Im konkreten Fall genügte der Button „Antrag abschicken“ nach Auffassung des Gerichts nicht, um die Anforderungen des § 312j BGB zu erfüllen. Das LG Landshut hat den streitgegenständlichen Abtretungsvertrag deshalb als unwirksam angesehen. Folge war, dass der Dienstleister nicht wirksam Inhaber der Forderung geworden war und ihm daher die Aktivlegitimation fehlte. Die Klage scheiterte also nicht an der materiellen Berechtigung des Fluggastes, sondern an der fehlenden wirksamen Forderungsübertragung.
Die Entscheidung ist für die Praxis besonders interessant, weil sie nicht nur Fragen der Button-Lösung betrifft. Das LG Landshut musste zuvor auch klären, nach welchem Recht sich die Wirksamkeit der Abtretung beurteilt und ob das deutsche Rechtsdienstleistungsgesetz überhaupt anwendbar ist. Gerade hier ist wichtig: Die Kammer hat eine Unwirksamkeit nicht auf eine fehlende Registrierung nach dem RDG gestützt, sondern die Tätigkeit der Klägerin insoweit gerade nicht dem RDG unterstellt. Die Klage scheiterte am Ende an § 312j BGB und der daraus folgenden Unwirksamkeit der Abtretung. Für Verbraucher, Plattformbetreiber und auch für Unternehmen, die Forderungen online ankaufen oder sich abtreten lassen, lohnt sich daher ein genauer Blick.
Warum die Entscheidung des LG Landshut so wichtig ist
Auf den ersten Blick könnte man meinen, es gehe lediglich um eine unglückliche Formulierung auf einer Webseite. Das greift zu kurz. Tatsächlich zeigt das Urteil, dass digitale Vertragsprozesse rechtlich nur dann tragfähig sind, wenn sie den gesetzlichen Transparenzanforderungen präzise genügen. Schon kleine sprachliche Unschärfen können erhebliche Folgen auslösen.

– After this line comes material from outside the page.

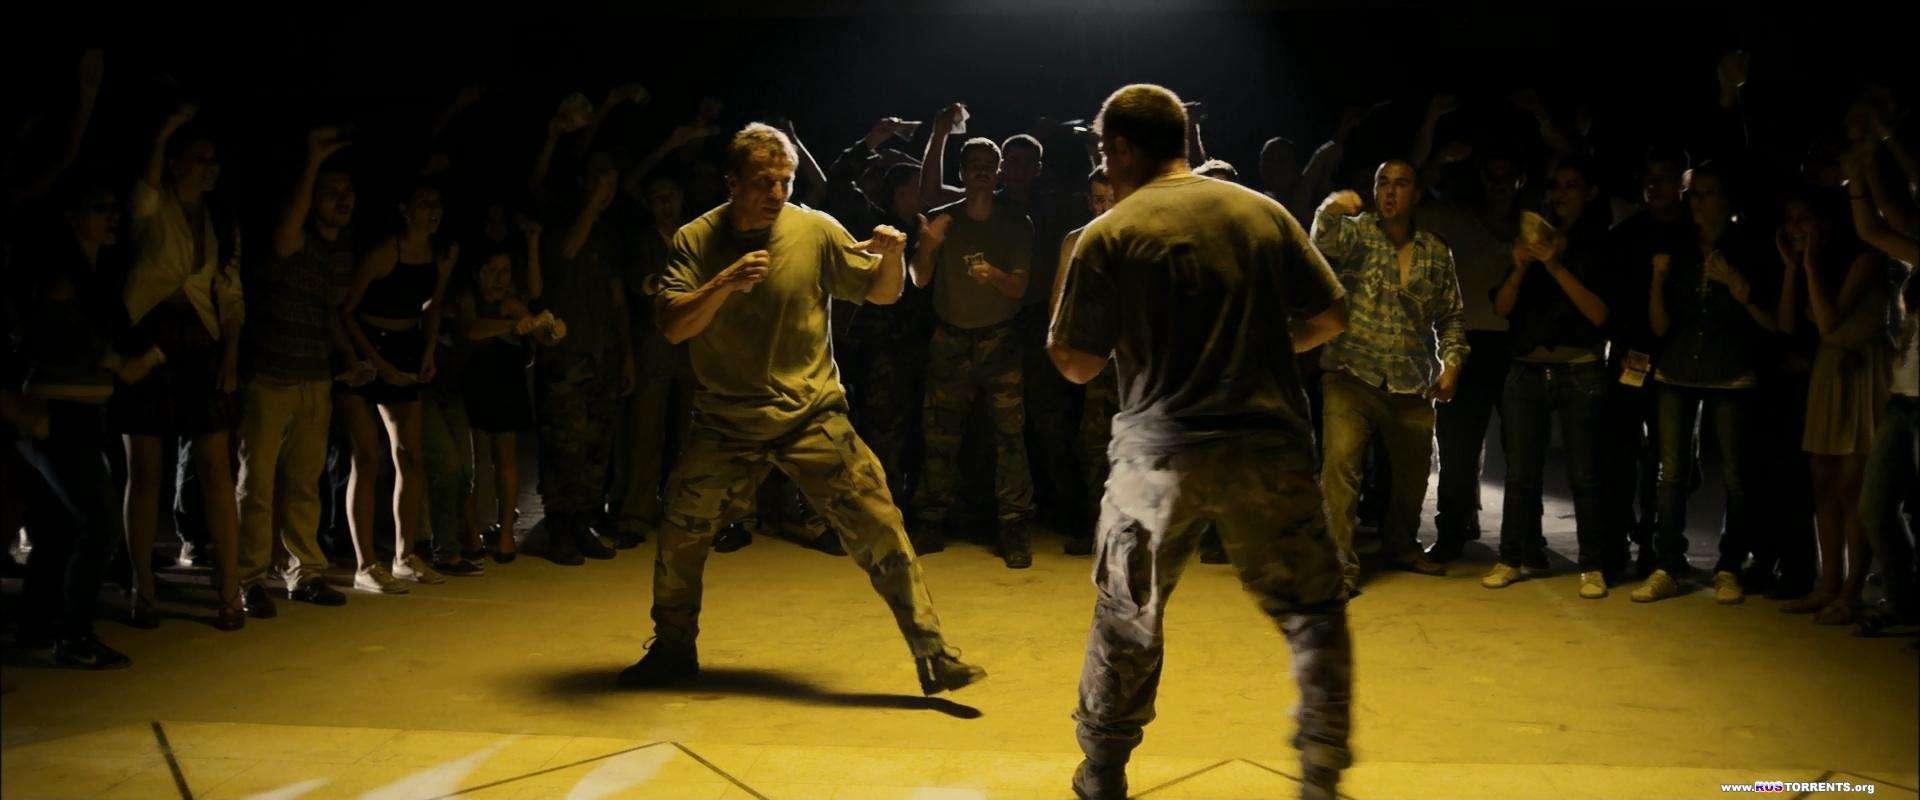 Уличный боец: Кулак убийцы | BDRip 1080p | А

Besonders bedeutsam ist die Entscheidung deshalb, weil viele Portale mit mehrstufigen Online-Prozessen arbeiten. Nutzer sollen möglichst schnell durch den Vorgang geführt werden. Häufig werden Flugdaten abgefragt, eine automatische Vorprüfung durchgeführt, sodann persönliche Angaben eingeholt, Dokumente elektronisch unterzeichnet und am Ende ein Button betätigt. Genau in solchen digitalen Abläufen stellt sich die Frage, an welcher Stelle eigentlich die rechtlich bindende Erklärung abgegeben wird und ob dem Verbraucher in diesem Moment hinreichend deutlich vor Augen geführt wird, dass er sich wirtschaftlich bindet.
Das LG Landshut hat hierzu eine klare Linie erkennen lassen:
• Maßgeblich ist nicht nur die technische Gestaltung des Prozesses, sondern vor allem die Sicht eines durchschnittlichen Verbrauchers
• Auch bei erfolgsabhängiger Vergütung kann eine Zahlungspflicht im Sinne des Verbraucherrechts vorliegen
• Ein allgemeiner Button wie „Antrag abschicken“ macht eine mögliche Zahlungspflicht nicht ausreichend deutlich
• Fehlt diese Deutlichkeit, kann der Vertrag unwirksam sein
Gerade diese Kombination macht die Entscheidung für die Online-Praxis so relevant.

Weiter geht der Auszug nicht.